** WHAT THE TASK REQUIRES **
Copy out the data exactly as it appears, without a single image.

** STORED DATA **

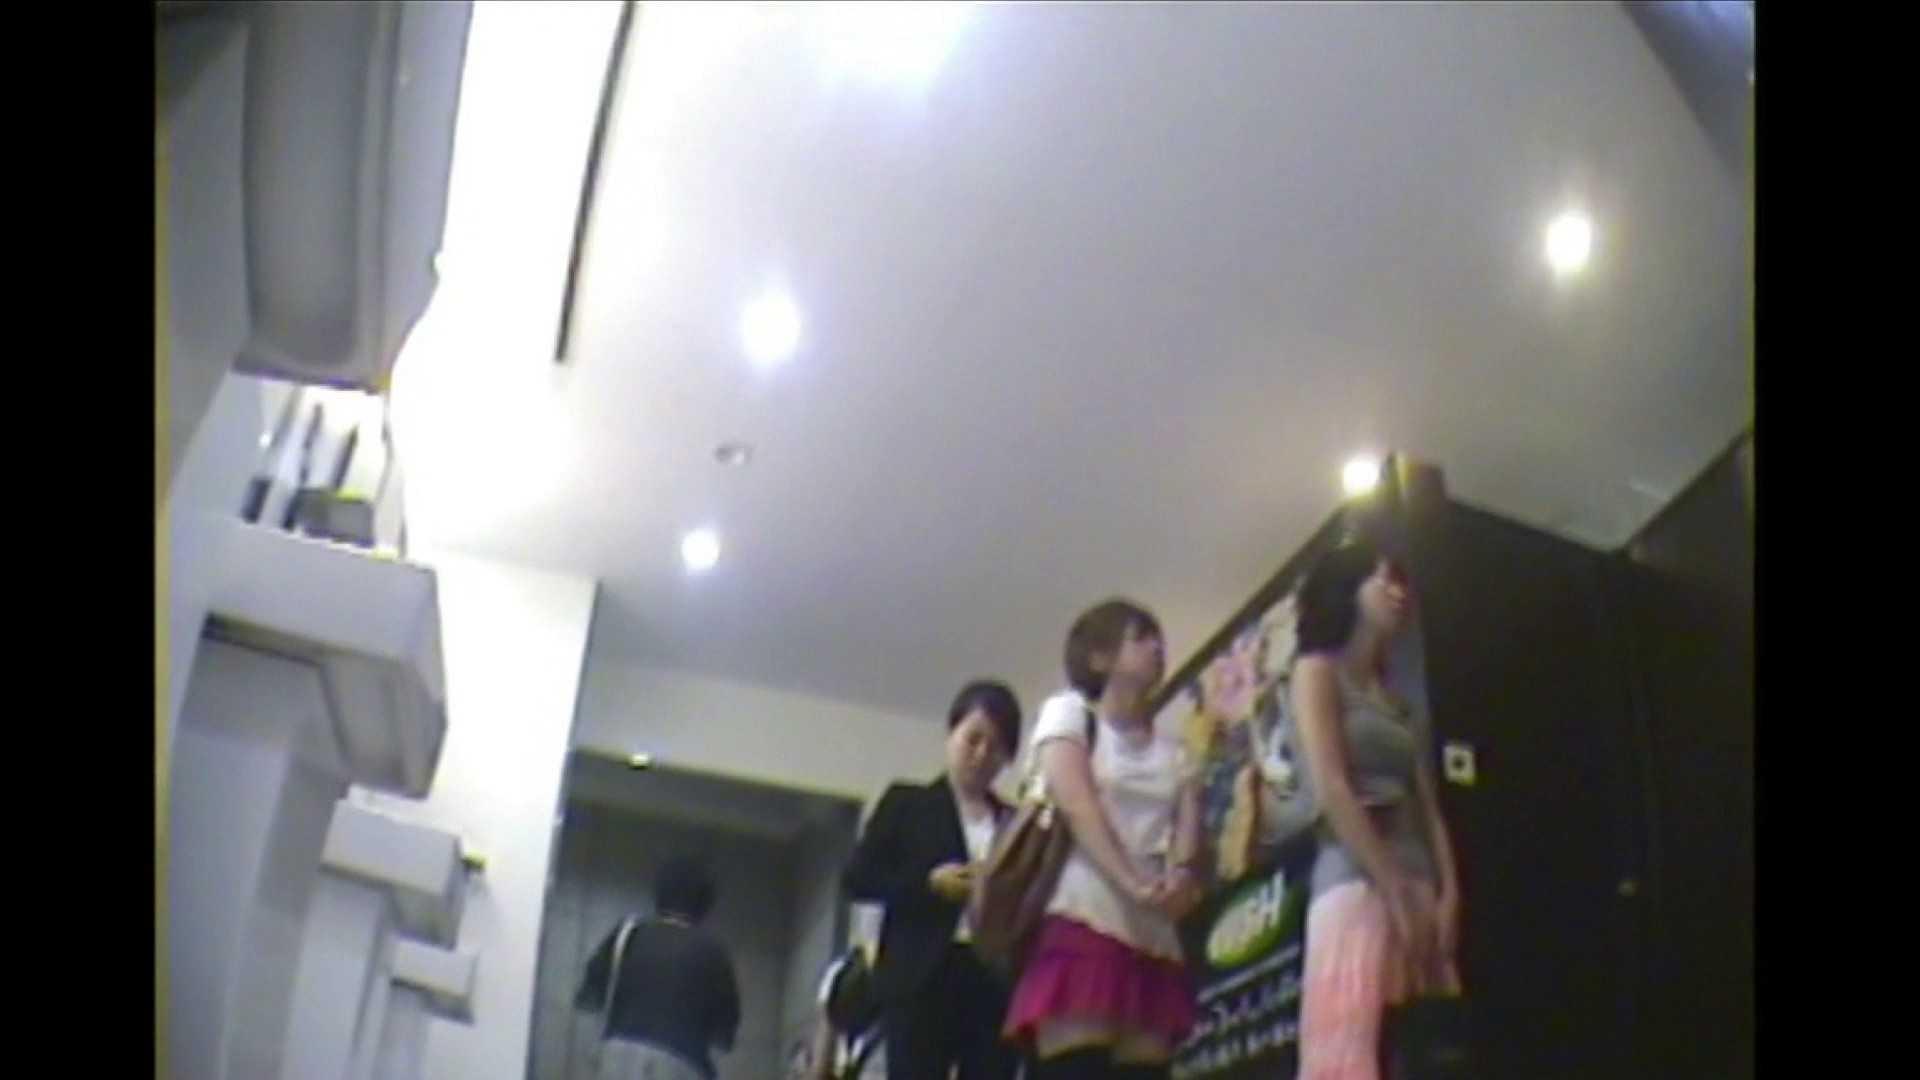 お漏らし寸前デパトイレ盗撮!Vol.05 お漏らし 盗み撮り動画 93PIX 24
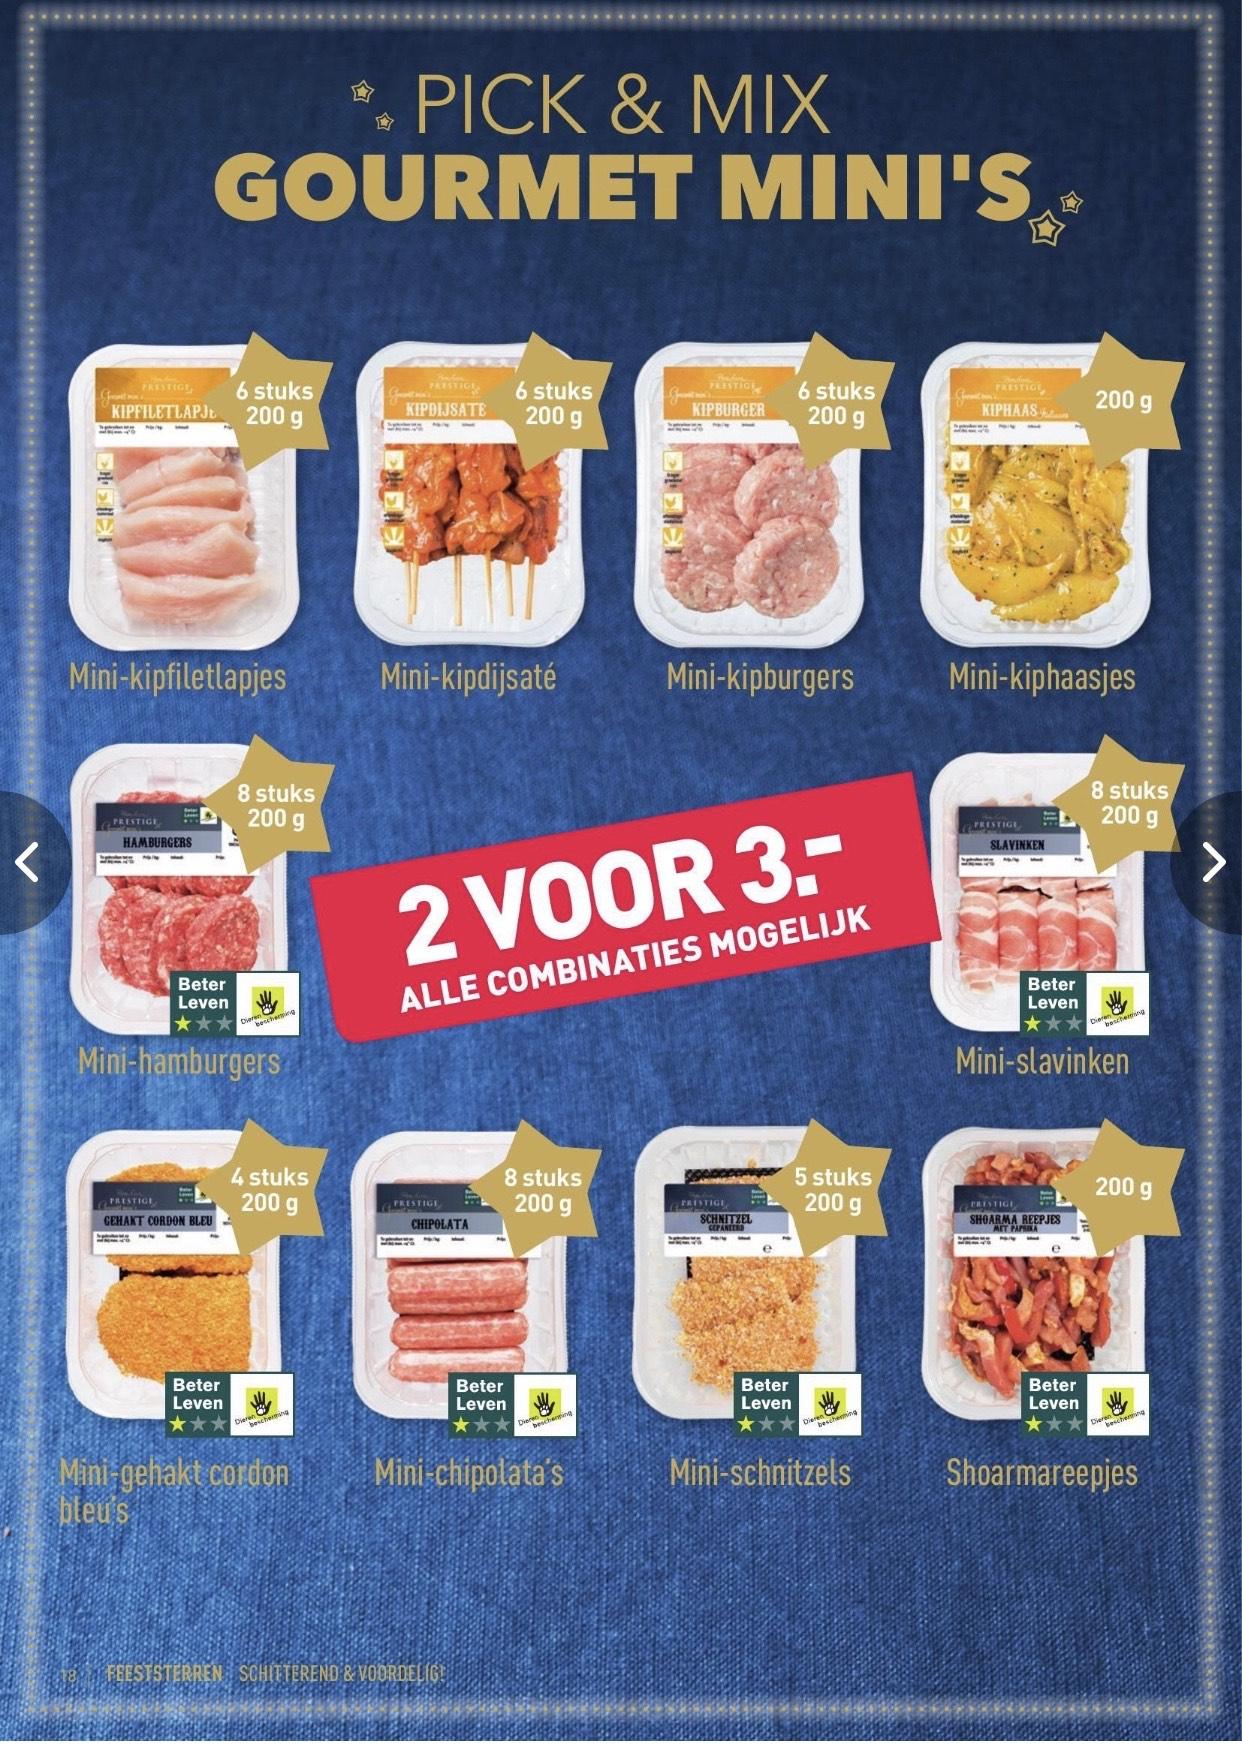 ALDI - Gourmet mini's 2 voor €3
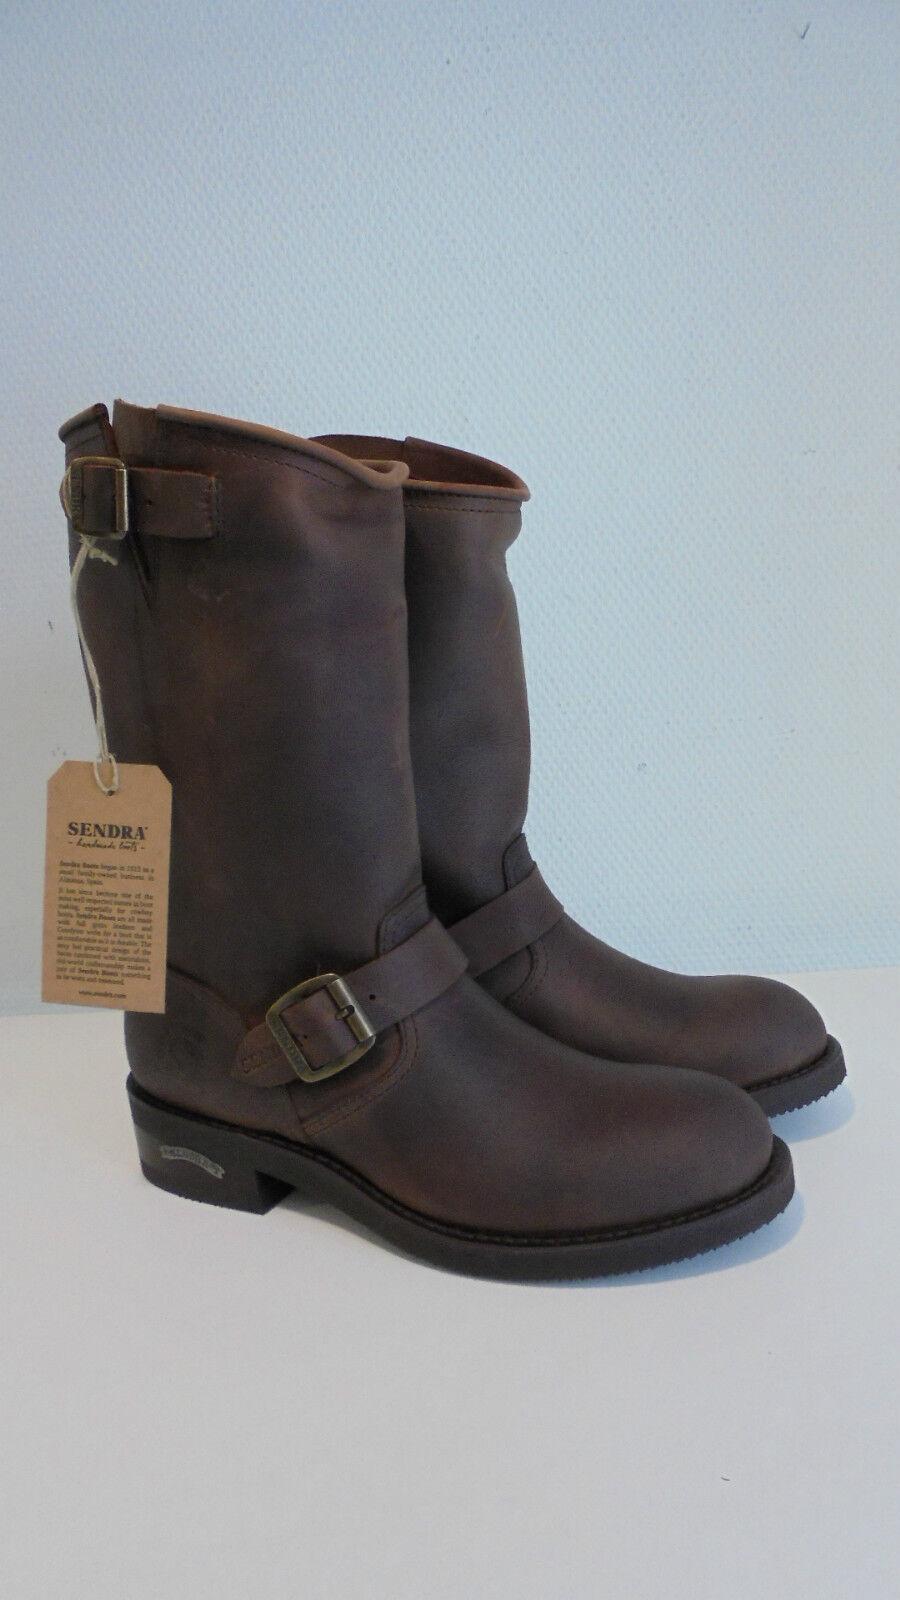 Sendra Boots Stiefel braun brown Modell 2944 Sprinter 7004 Herren Fettleder

** THE ANSWER **
 お漏らし寸前デパトイレ盗撮!Vol.05 お漏らし 盗み撮り動画 93PIX 24
 ALDI - Gourmet mini's 2 voor €3
 Sendra Boots Stiefel braun brown Modell 2944 Sprinter 7004 Herren Fettleder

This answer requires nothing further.